But on the flipside, the cost of doing business here is high. That, coupled with razor-thin margins that have plagued the banking industry for years, and a few more quirks of the market might mean it’s just not worth it for bigger banks to keep putting up the fight for market share.

“It is super provincial,” he said. “People tend to do business with folks from their parish or with whom they went to college. Most of the people who were born and raised here tend to stay here, and that makes it hard to break into the market.”

Not long after the news about Citigroup came the news that Bank of America was apparently dropping some of its municipal accounts with smaller Massachusetts cities and towns, including the cities of Fitchburg and Fall River.LAlixgraph101215

But if BofA is dropping some of its municipal clients, community and regional banks are more than happy to talk to those spurned school districts and cities. The Bridgeport, Connecticut-headquartered People’s United Bank, for instance, is looking to beef up its government banking business and says that those jilted municipal clients exactly fit its customer profile.

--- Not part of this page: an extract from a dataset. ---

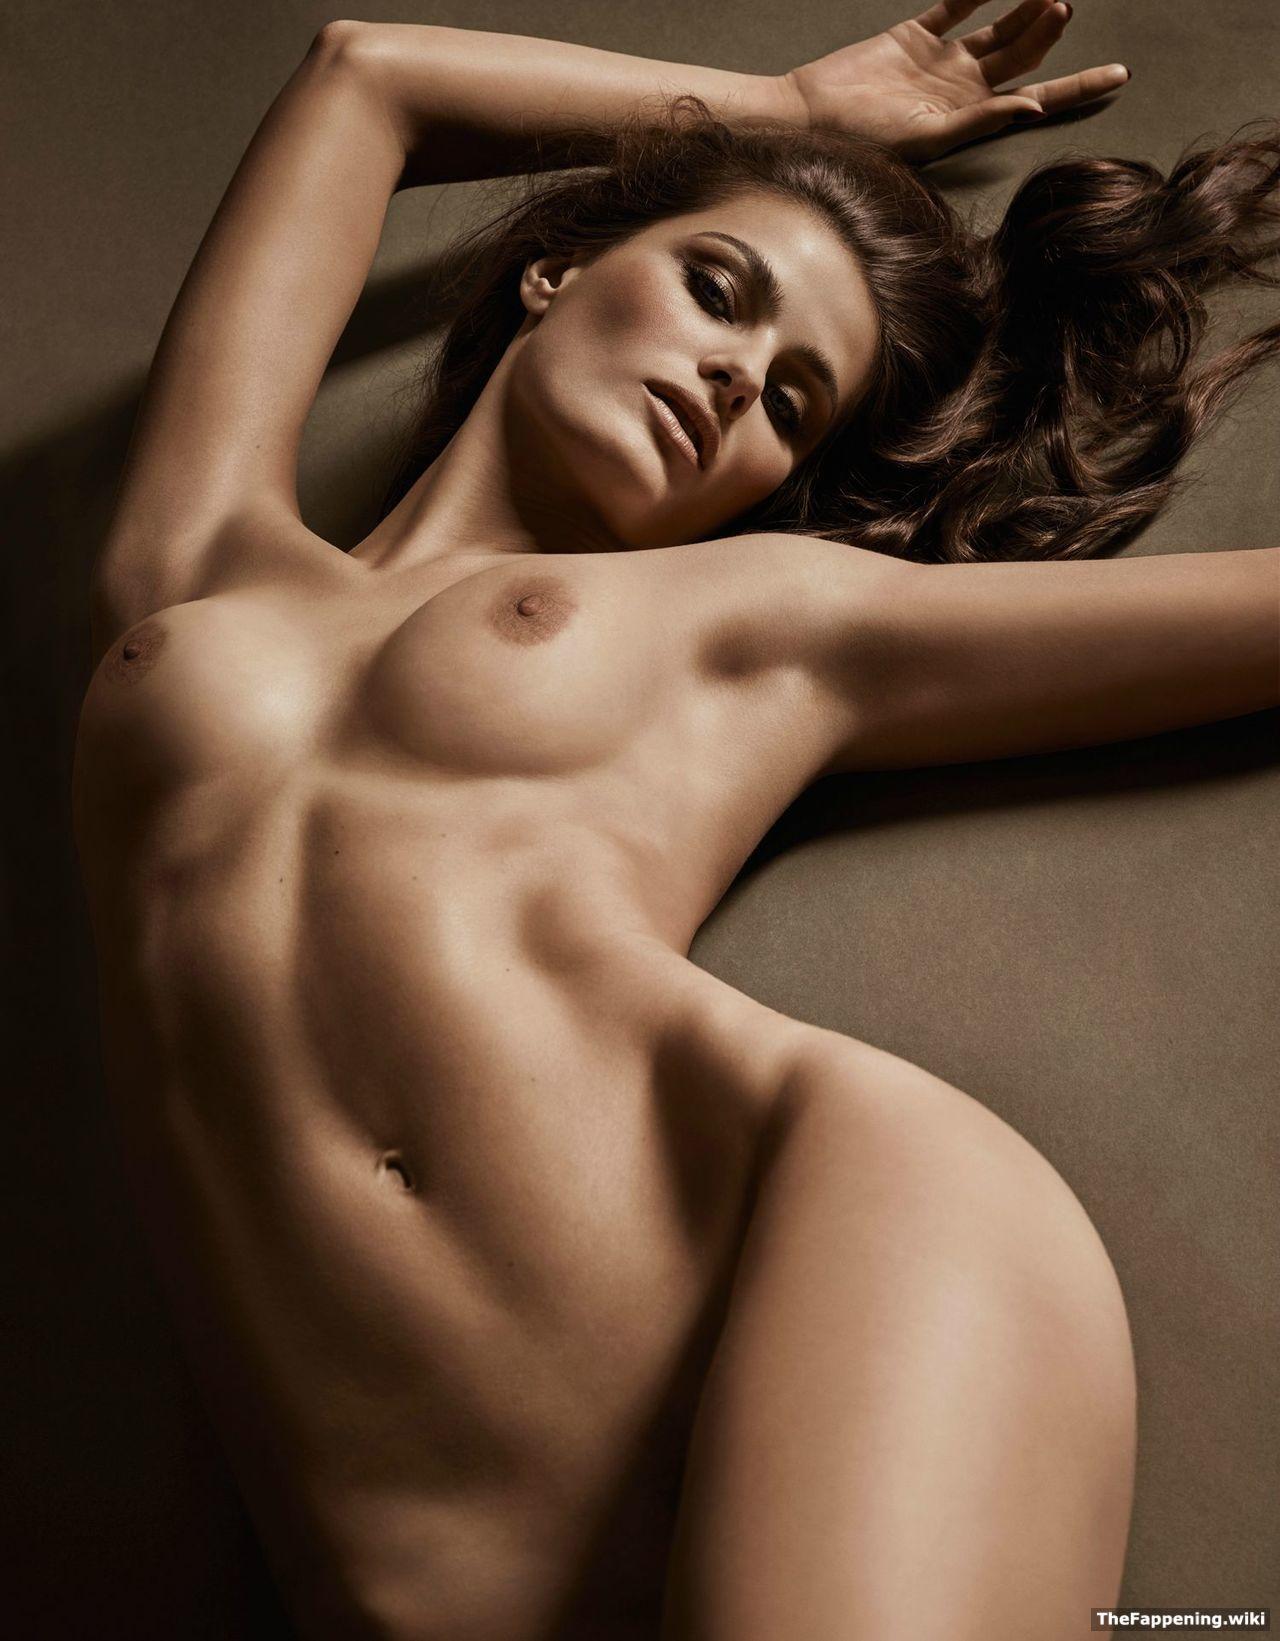 Naked photos of isabeli fontana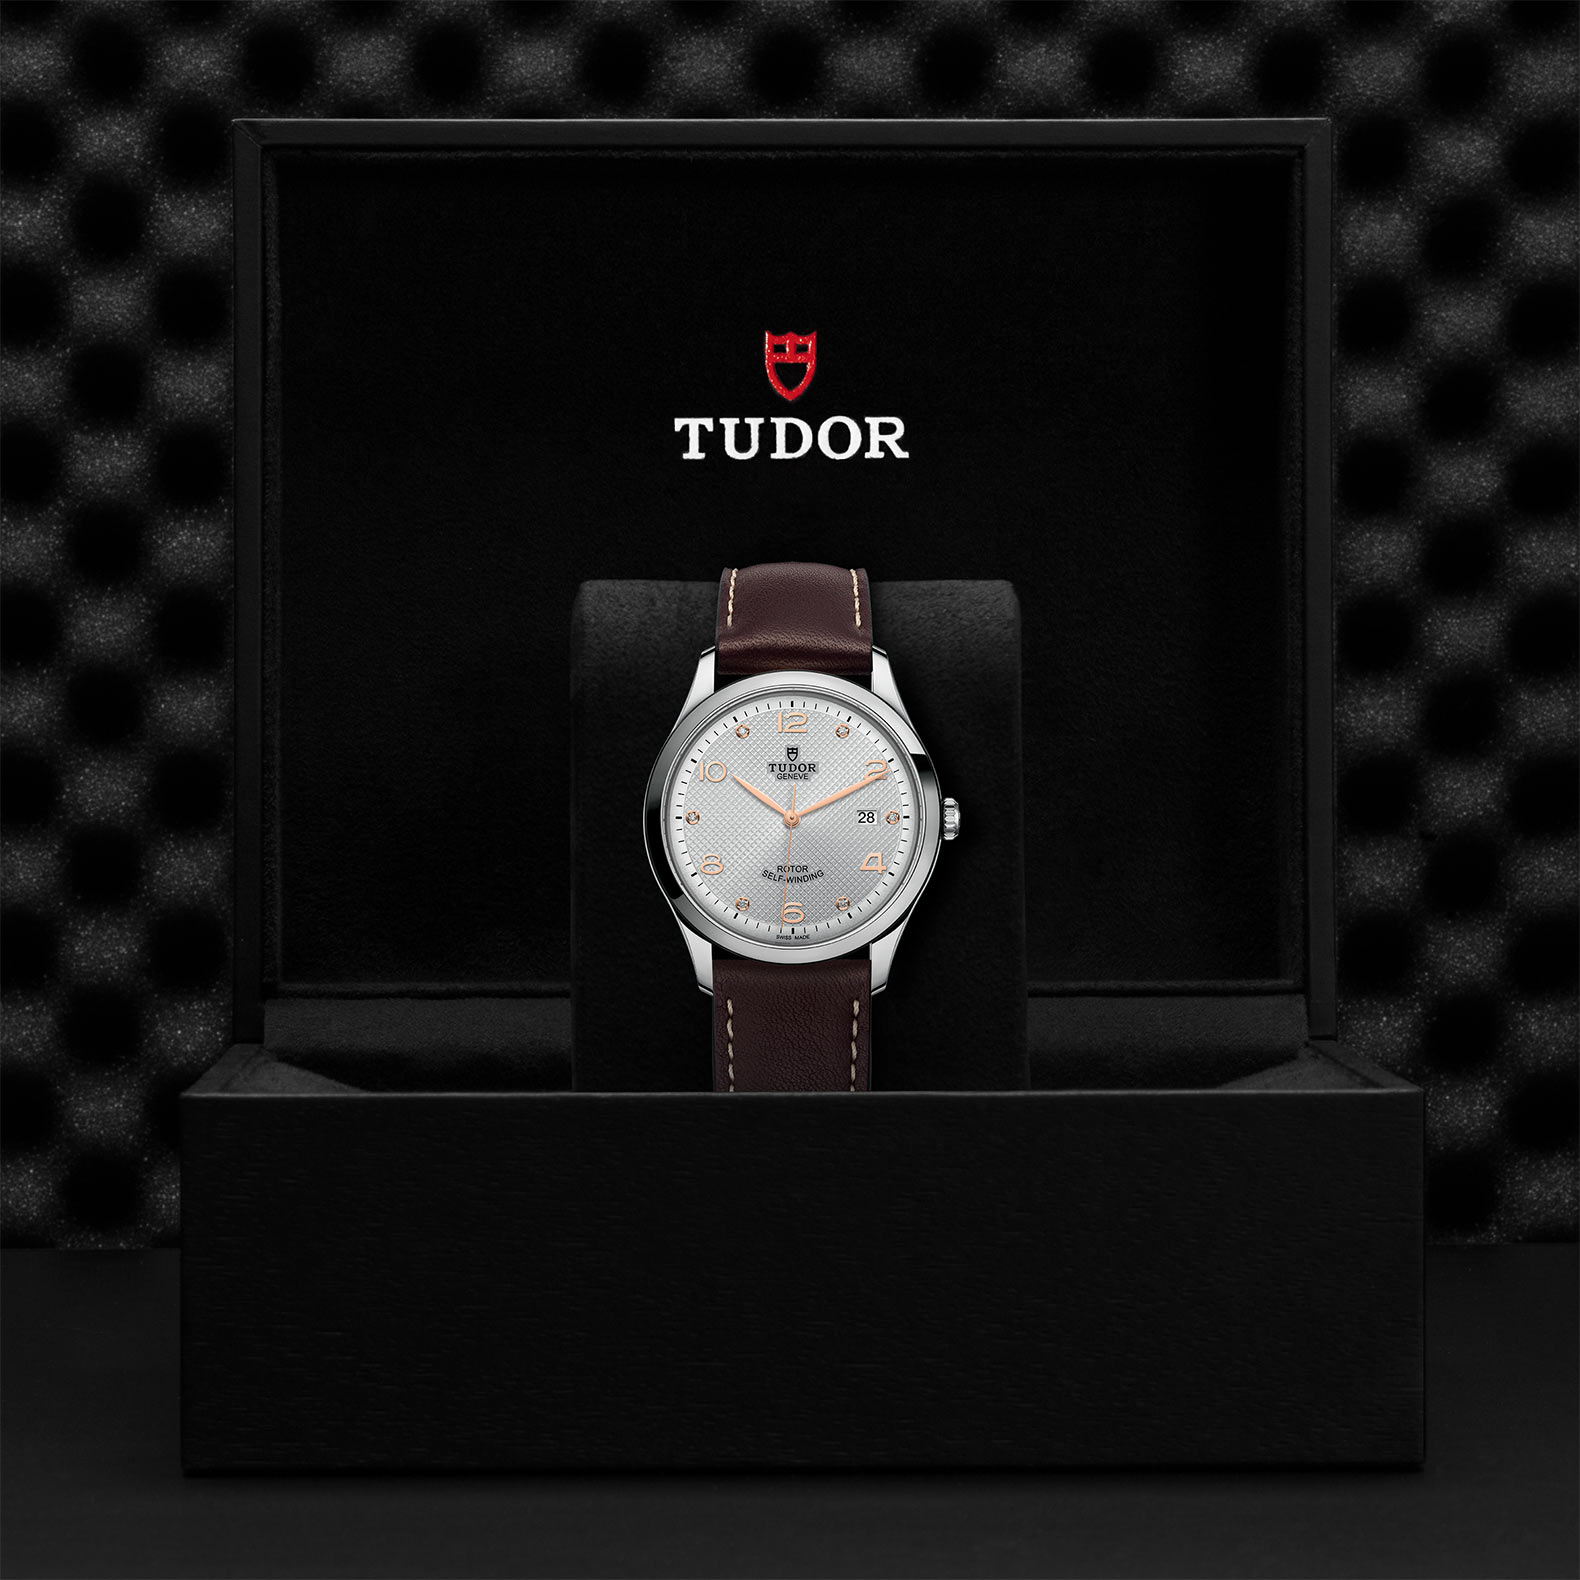 TUDOR 1926 - M91650-0007

Presently, the bank has around $1.3 billion in deposits in its government banking business across New England. In Massachusetts alone, it has $350 million in deposits across various cities, towns, school districts and housing authorities, said Massachusetts President Patrick Sullivan.

“When opportunity knocks, we take advantage of it,” Sullivan. “To me, it’s become another nice prospect list for us. We’re in the process of signing up two or three clients that are coming from that competitor.”

Sullivan, himself a born-and-bred New England banker, said that when cities and towns go shopping for a new bank, they often want to know more than just the banking basics. They ask how many mortgage loans the prospective bank has made in their community, how many small business loans they’ve made, what kind of philanthropic efforts, and so forth.

And that dovetails nicely into one of O’Connell’s broader points about banking in the Bay State.

“I think that individual bankers with strong local networks will benefit from these departures,” he said. The behemoth banks, he said, “have to talk someone into taking their residential mortgage away from the guy at Wellesley Bank with whom they were altar boys back in the 70s. … That’s actually a really good vignette for banking in Massachusetts.”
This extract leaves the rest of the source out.